Метрдотель проводил меня между столиками к Жан-Клоду. Он поднял глаза, и один вид его лица сделал упругой мою грудь, и внезапно мне стало трудно дышать. Синий
цвет так близко к его лицу делал глаза еще синее, чем я когда-либо видела, не цвета полночного неба, а кобальтово-синими, цвета чистого сапфира. Но никакому
драгоценному камню и не снилось такое содержание – весомость мудрости, темного знания. Один взгляд в его глаза заставил меня задрожать. Не от холода, не от
страха. От предвкушения.
На высоких каблуках и с разрезами по бокам требовалось все мое мастерство, чтобы красиво идти. Вы должны как бы нести себя, упруго, расслабленно, покачивая
бедрами, иначе платье обовьется вокруг ног, а каблуки вывихнут лодыжки. Вы должны двигаться так, как будто уверены, что можете носить это и выглядеть
прекрасно. Если же усомнитесь в себе, замнетесь, то тут же упадете на пол и превратитесь в тыкву. После долгих лет моей неспособности носить высокие каблуки и
вечерние платья Жан-Клод за месяц научил меня тому, чему мачеха не могла научить меня за двадцать лет.

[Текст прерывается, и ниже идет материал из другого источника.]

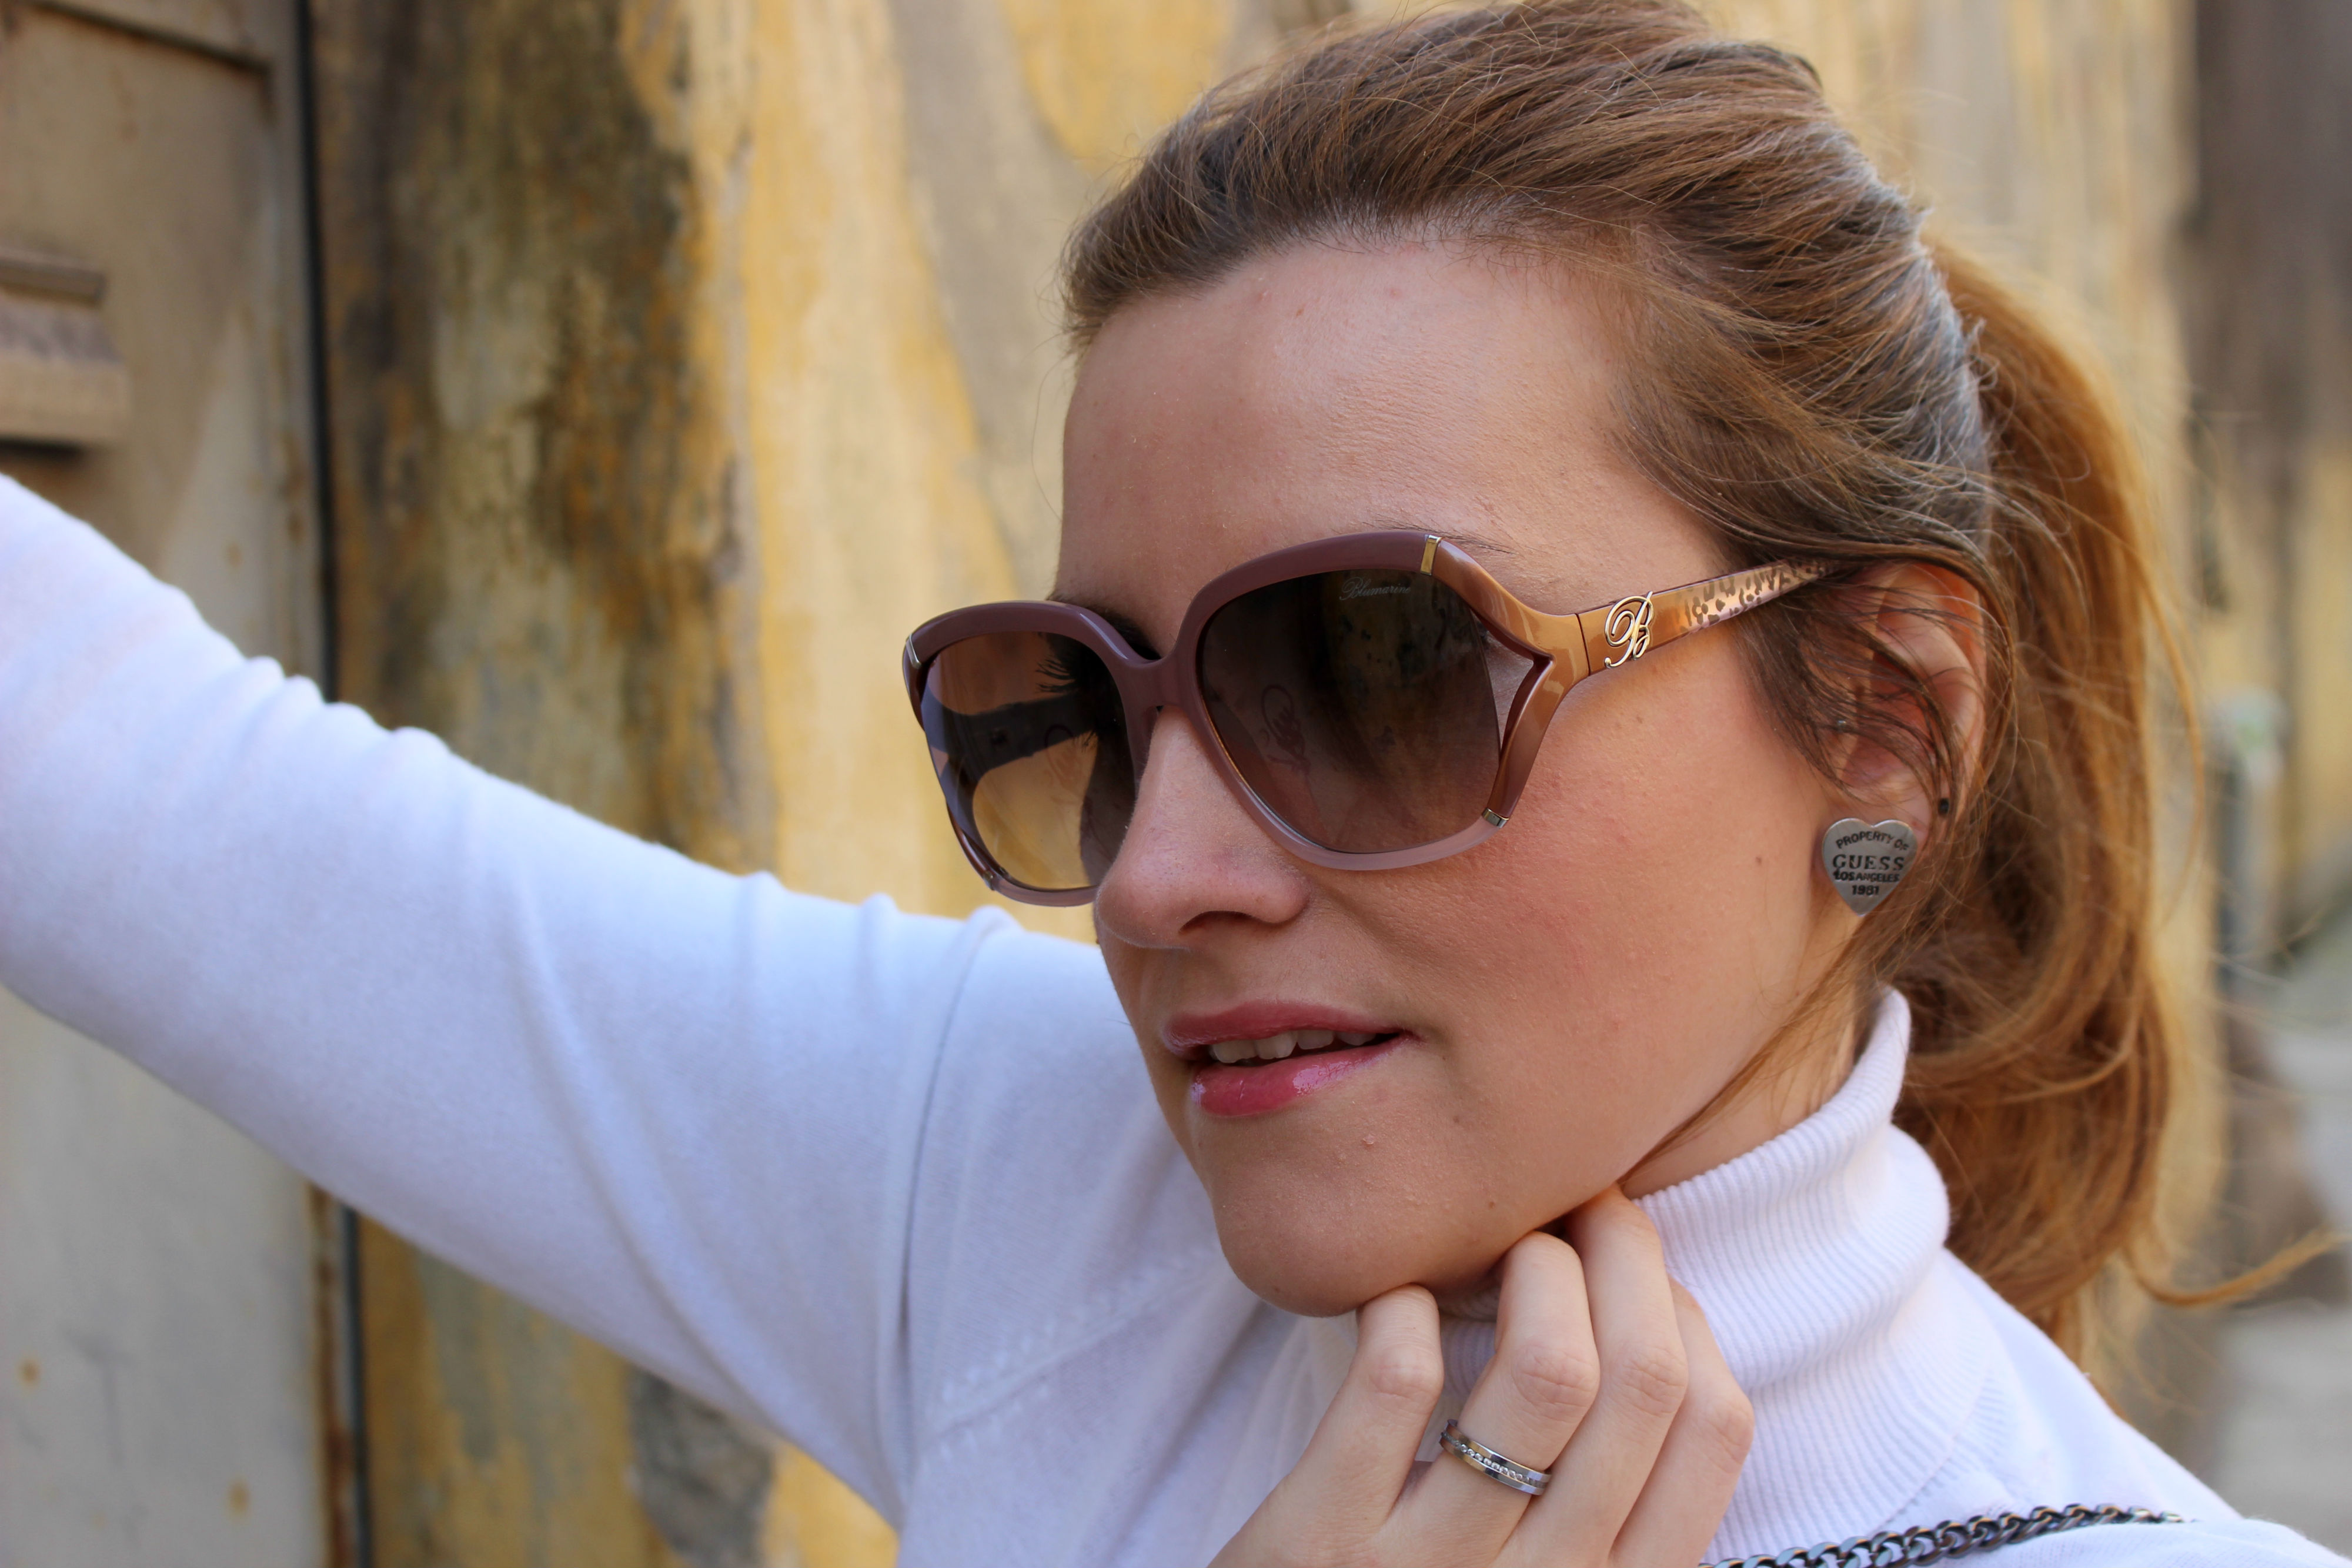 DESIGUAL-EBARRITO-S'AGAPò-ELISABETTABERTOLINI-ANIMALIER-LOOK.blumarine-sunglasses-giarre.com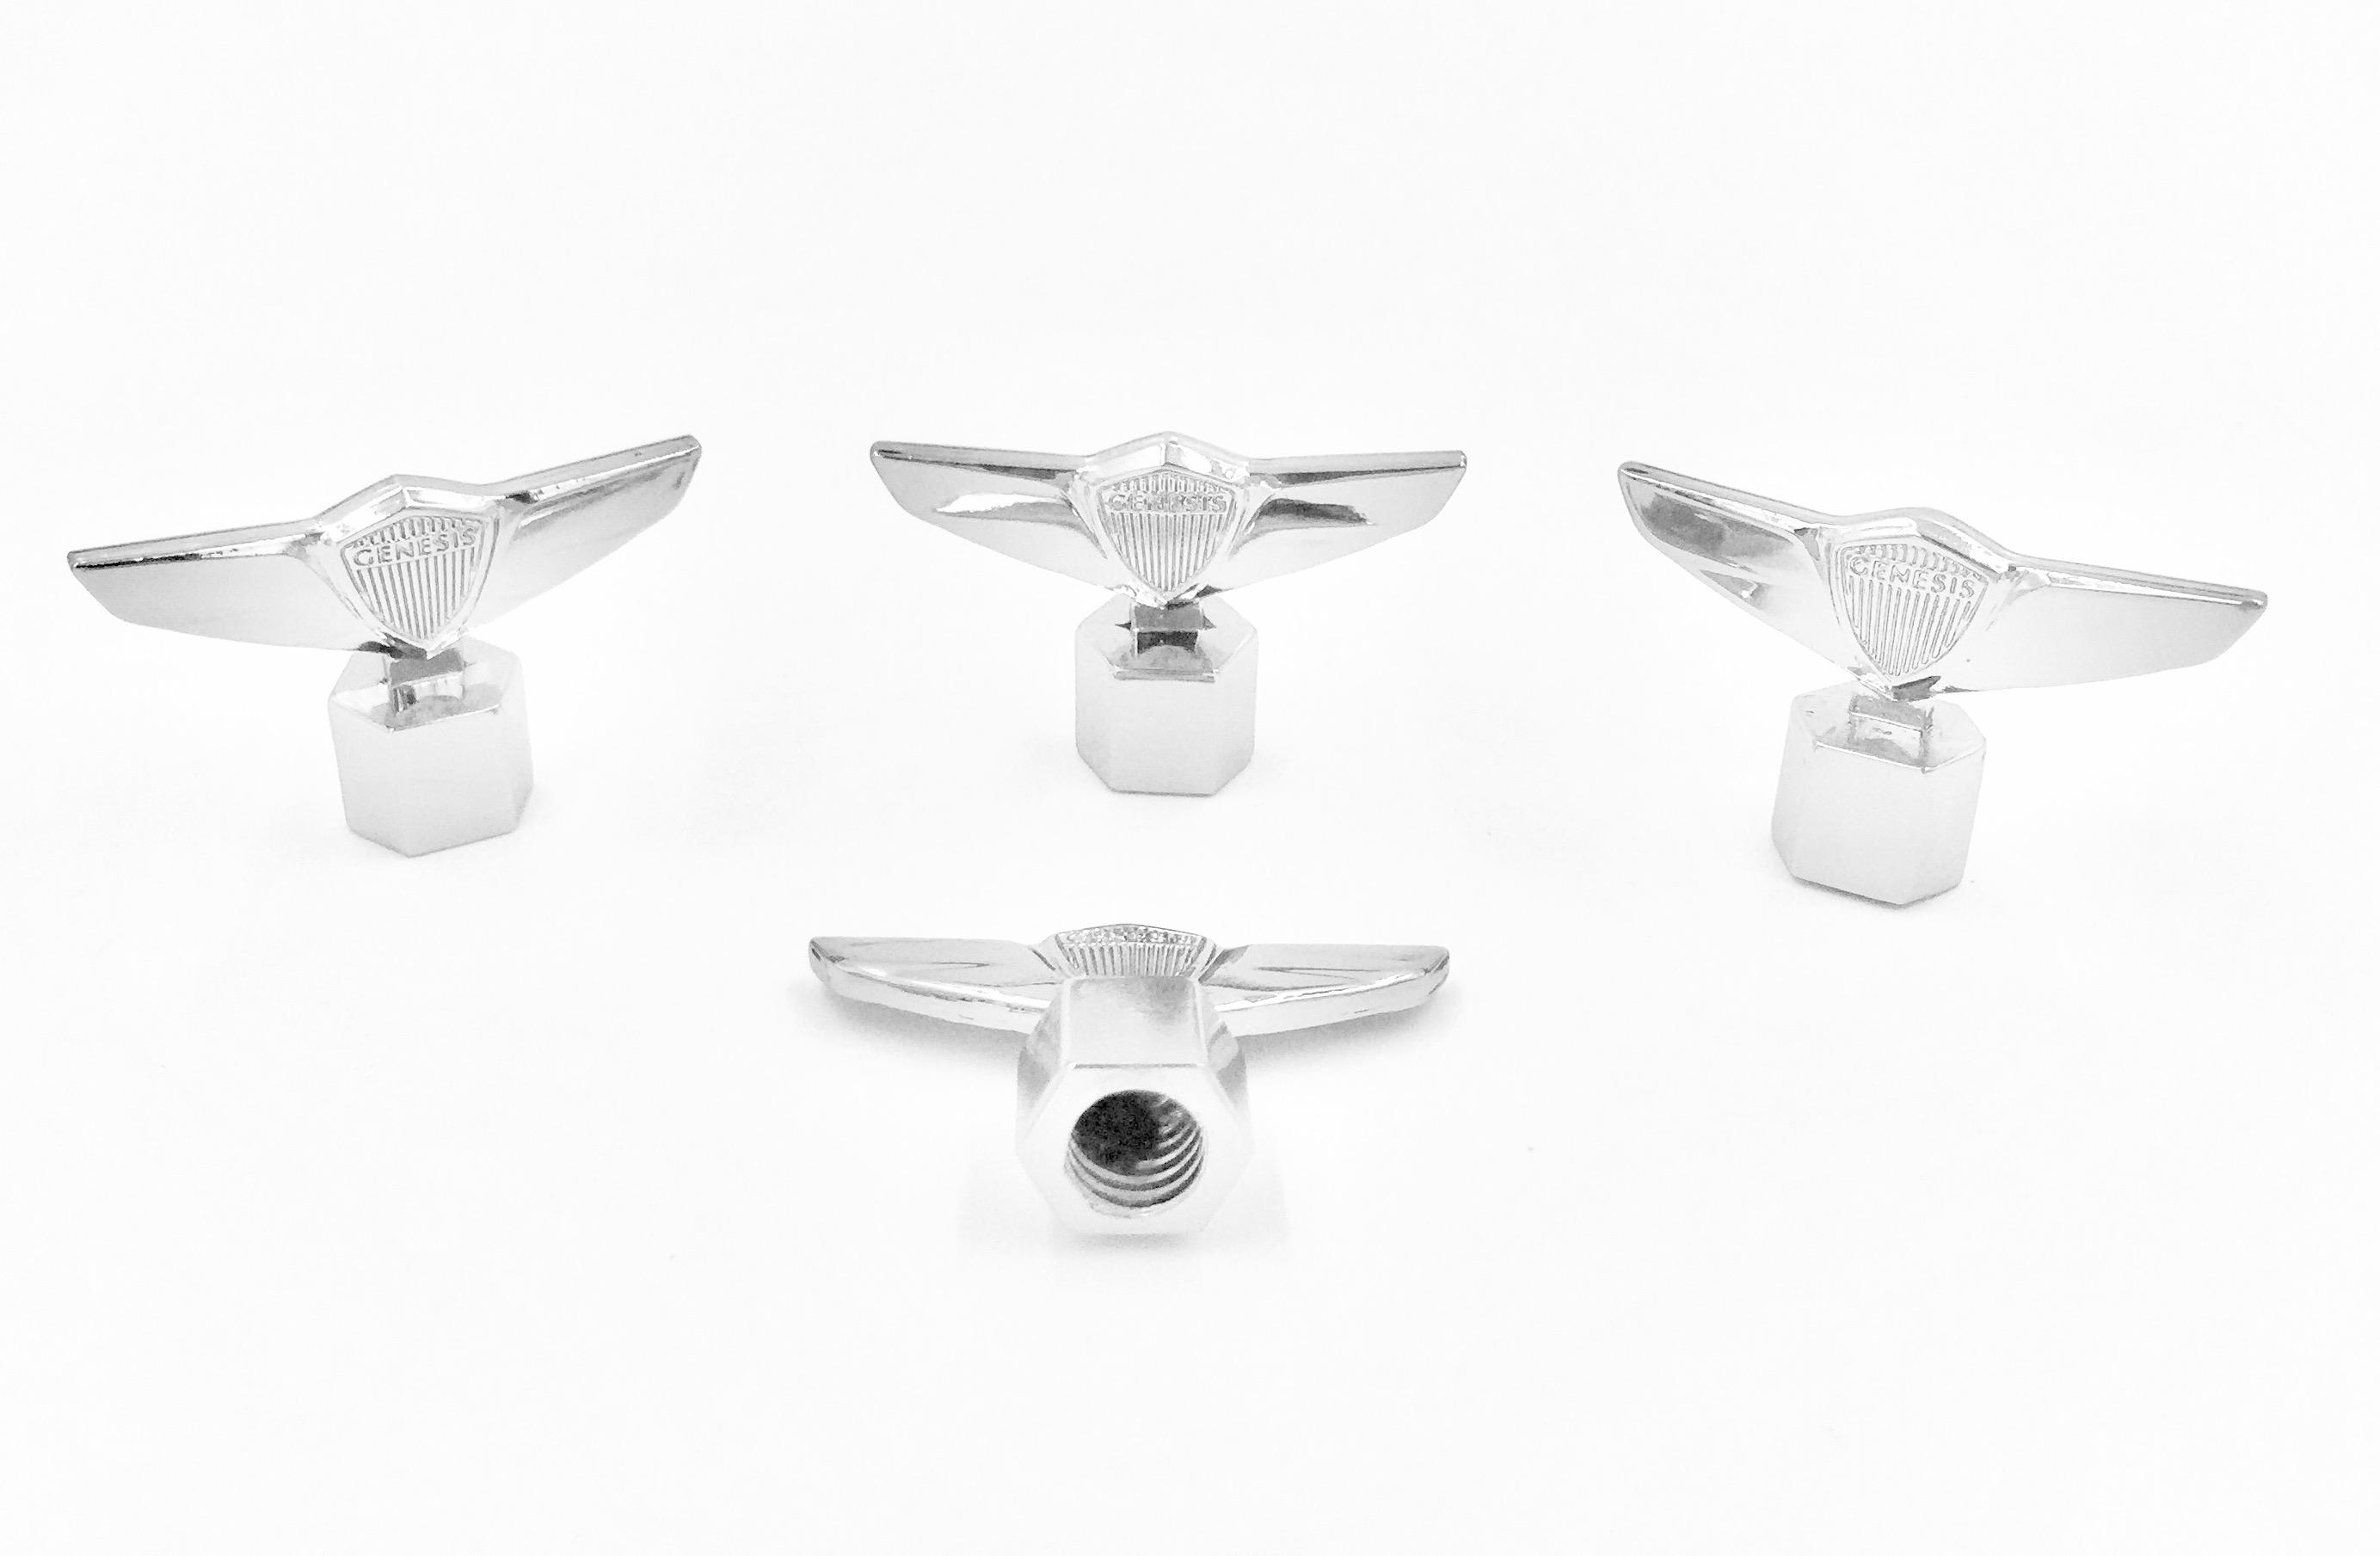 Genesis Wing 3D Valve Caps

Он поднялся, и я не возражала, хотя однажды я запорола одно из первых свиданий, вставая каждый раз, когда поднимался он – если из-за стола выходили или
садились дамы. Во-первых, я повзрослела с тех пор, а во-вторых, могла увидеть Жан-Клода целиком.
Черные льняные брюки так гладко и идеально повторяли все изгибы его тела и были настолько облегающими, что я догадывалась, что под ними нет ничего, кроме
самого Жан-Клода. Черные сапоги обтягивали его ноги до колен. Сапоги были из мягкой, будто из крепа, кожи, собранной складками и наверняка нежной на ощупь.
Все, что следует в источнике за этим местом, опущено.